(DATA Opens)
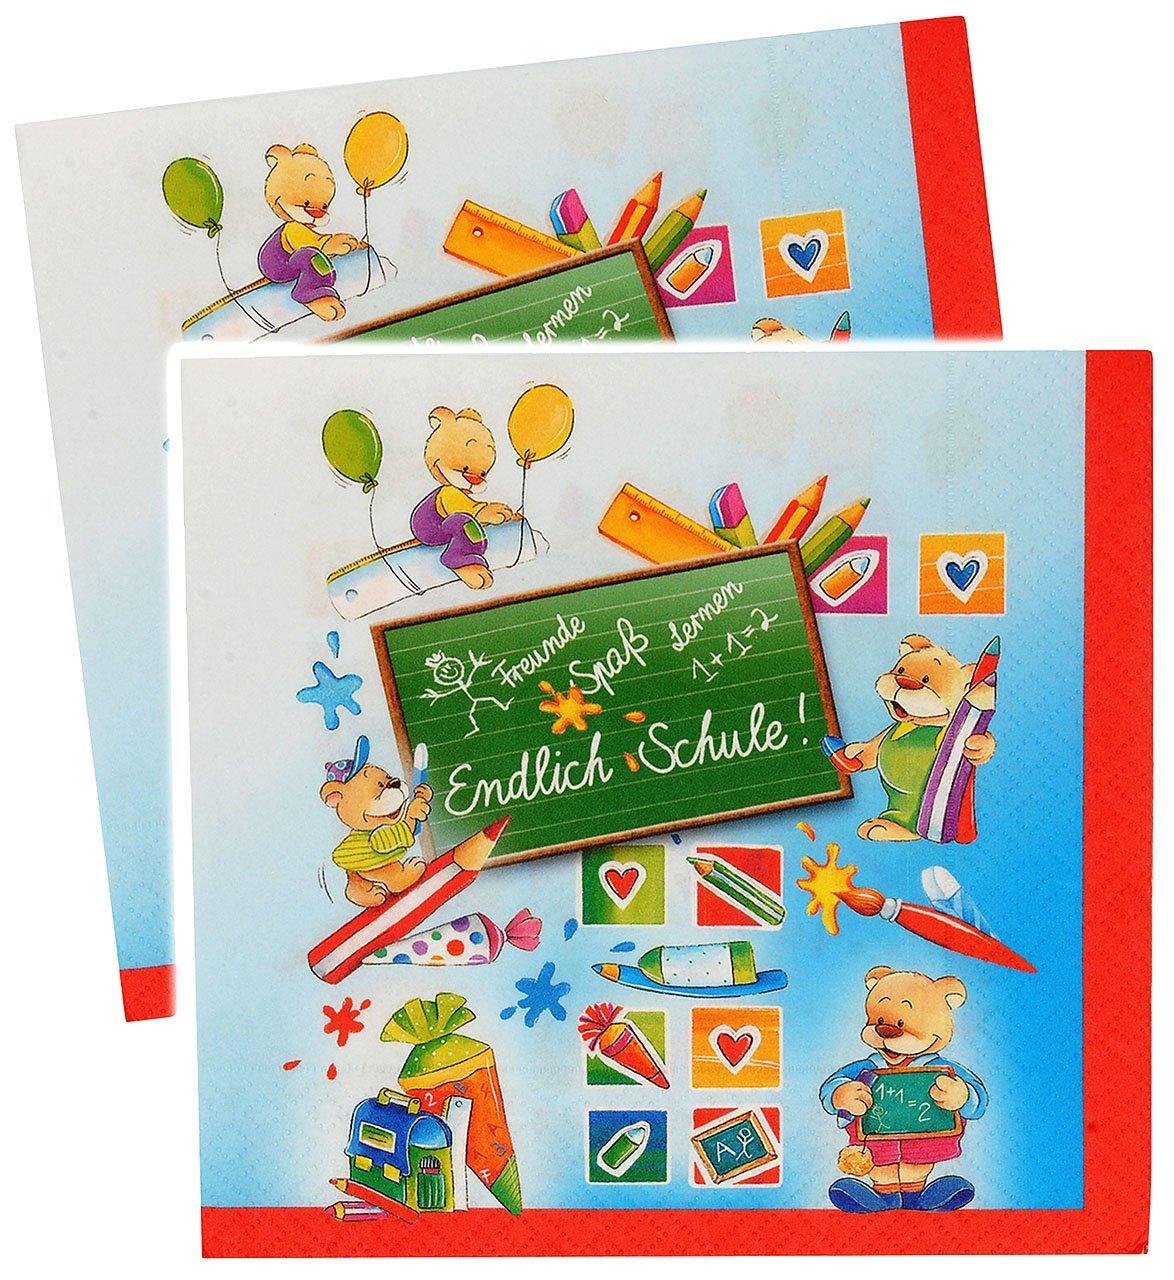 123 ABC Sticker Junge Dekoration Einschulung Schulstart basteln Schulanfang
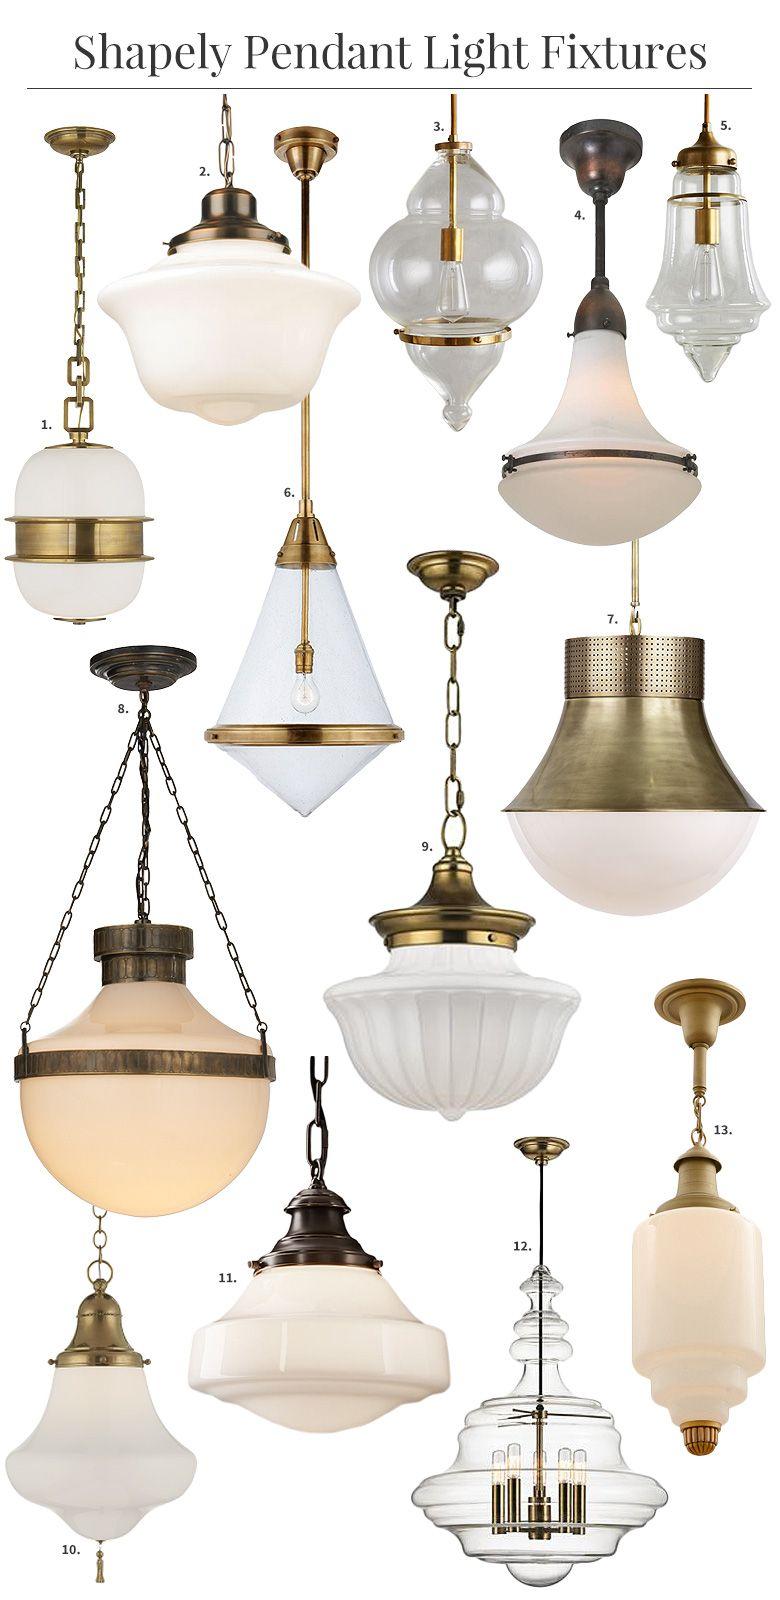 Shapely Glass Pendant Light Fixtures Glass Pendant Light Light
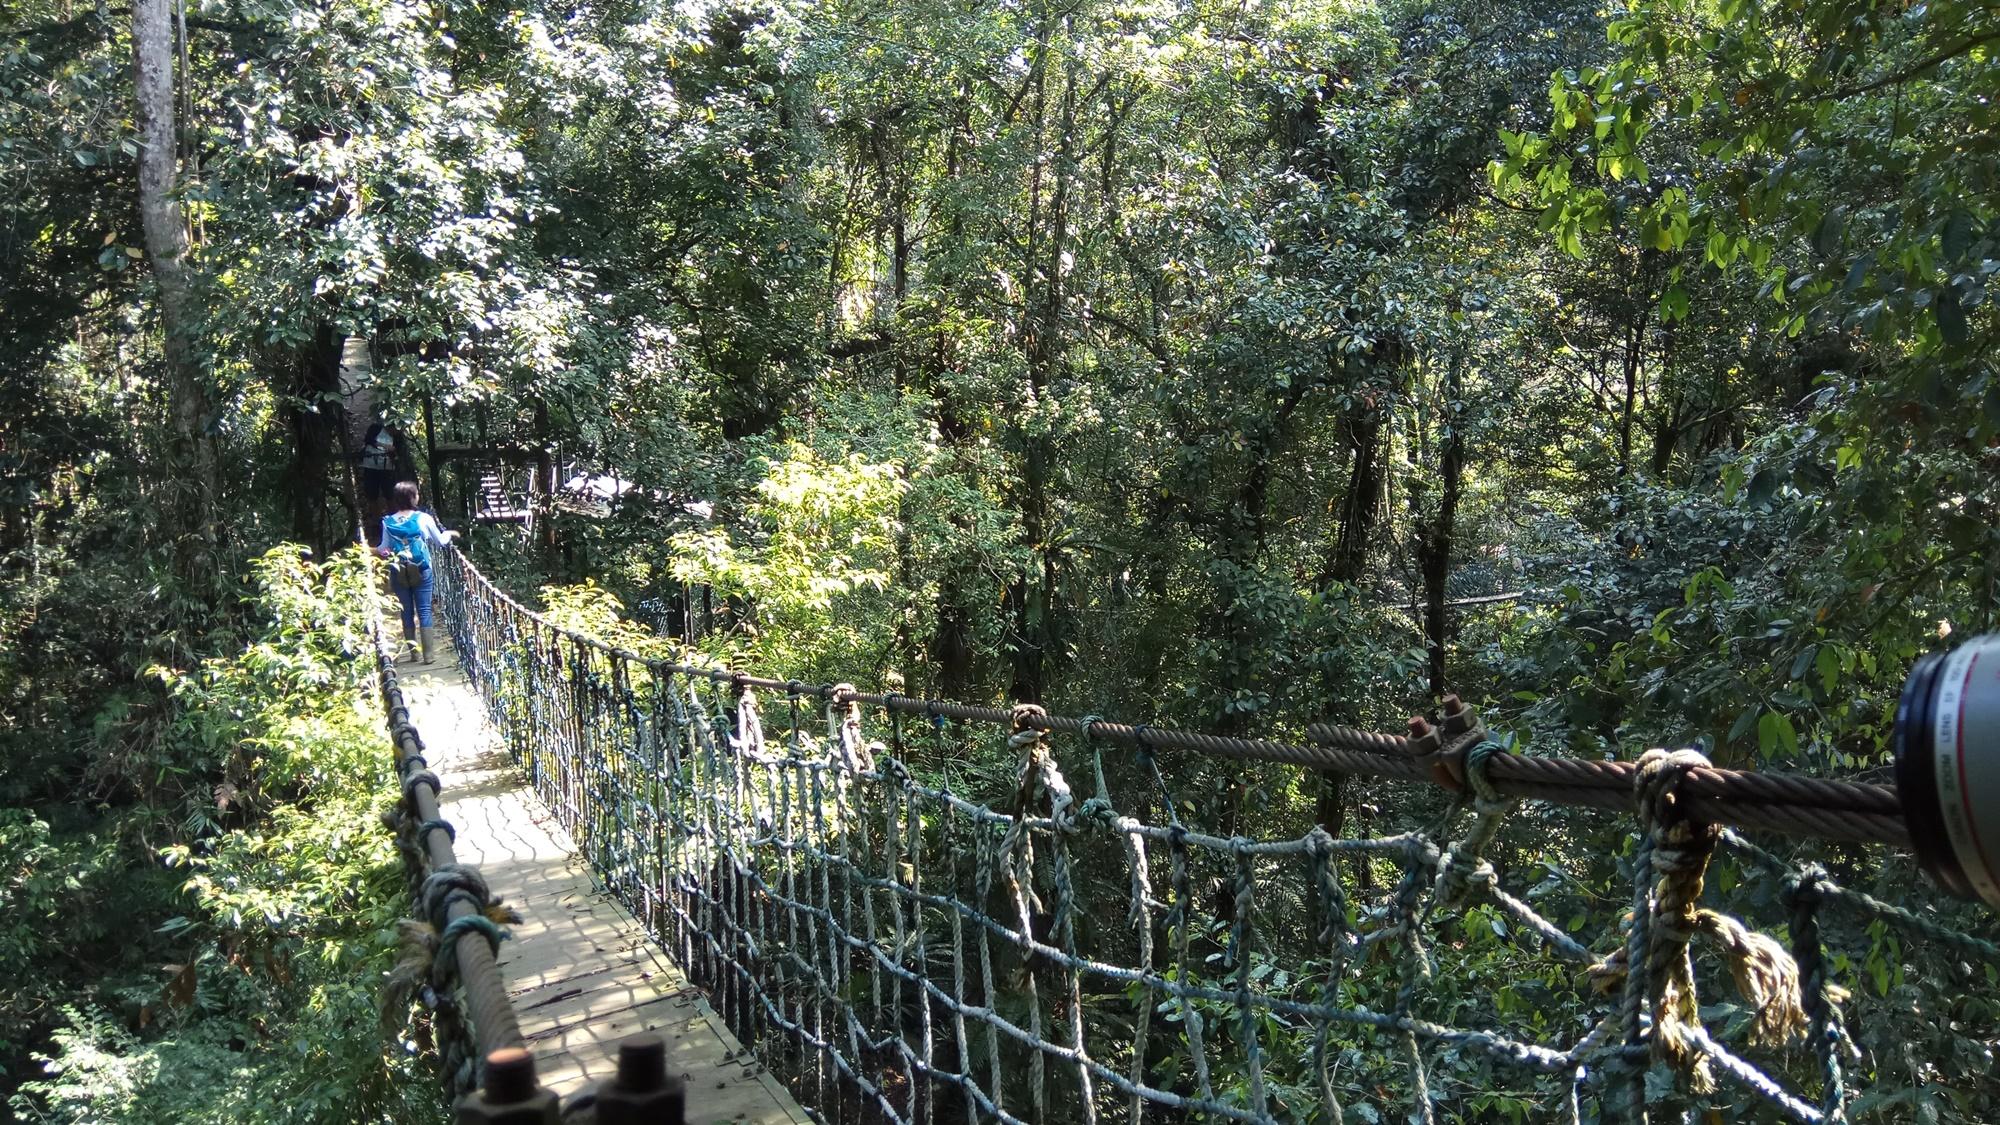 Jembatan gantung pusat penelitian Cikaniki
(DATA Closes)
> **ASSIGNED TASK**: Copy all of the data word for word, and keep the pictures out of it.

> **SOLUTION BELOW**:
 123 ABC Sticker Junge Dekoration Einschulung Schulstart basteln Schulanfang
 Shapely Glass Pendant Light Fixtures Glass Pendant Light Light
 Jembatan gantung pusat penelitian Cikaniki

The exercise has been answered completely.